Я переиграл мысленно каждый бой, как бы со стороны взглянул на генерала Куликова, на себя, на своих помощников, на командиров частей. Человек всегда задним числом умнее, и теперь было очевидно, что многое можно и [167] должно было сделать лучше. И все же раскаяния не было. Все мы до конца выполнили свой долг, и упрекнуть никто и ни в чем нас не может. Враг в то время был сильнее. Он наступал, а мы вынуждены были пятиться назад. У нас почти не было танков, фашисты хозяйничали в воздухе, не хватало снарядов. И все же, несмотря ни на что, мы, говоря солдатским языком, «дали прикурить фашисту».

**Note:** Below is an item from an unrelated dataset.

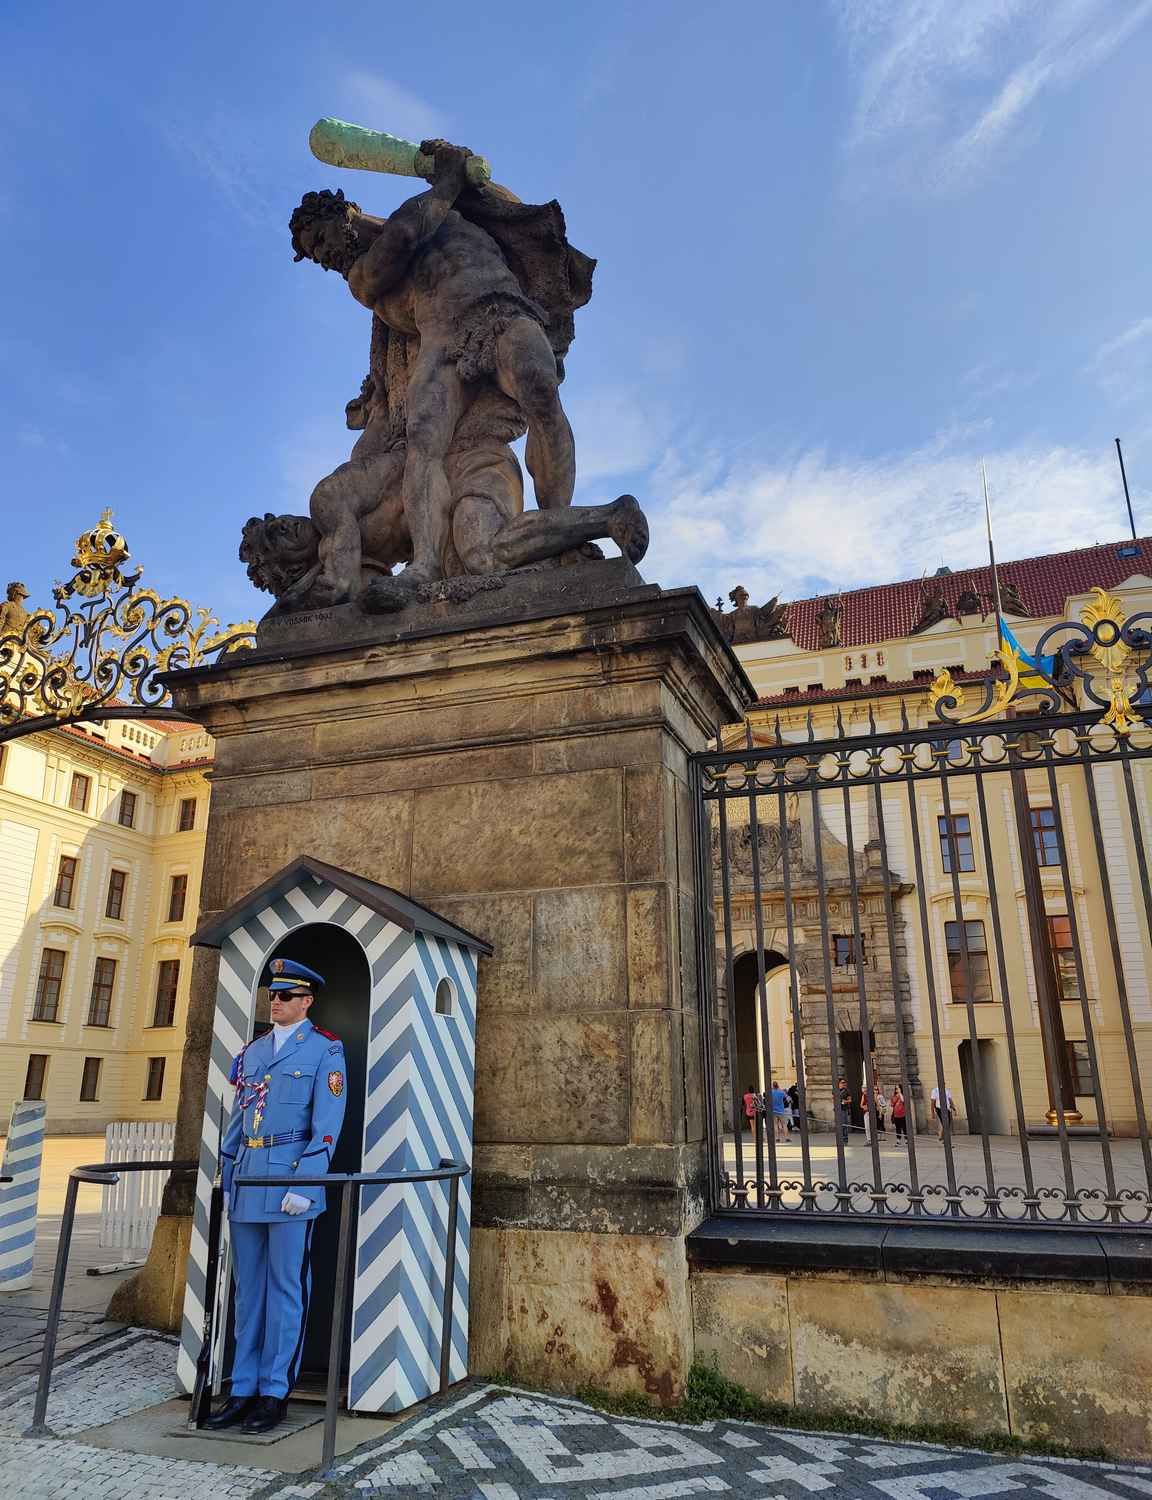 Ensimmäiseksi Prahan linnalla tulee vastaan kunniavartiointi.

Подсчеты штаба свидетельствовали, что фашисты от 196-й стрелковой дивизии понесли гораздо большие потери, чем мы сами. Да и без статистики тот, кто видел поле боя у Рахны, под Бараньим Полем или Медвином, усеянное трупами вражеских солдат, чернеющее обгоревшими корпусами фашистских танков, мог сказать: мы отомстили за наших товарищей, нанесли серьезный урон врагу.
Но вот и получено новое назначение. Предстояло принять штаб дивизии, формировавшийся в далеком тыловом городе. С этой дивизией я и отправился на Северо-Западный фронт.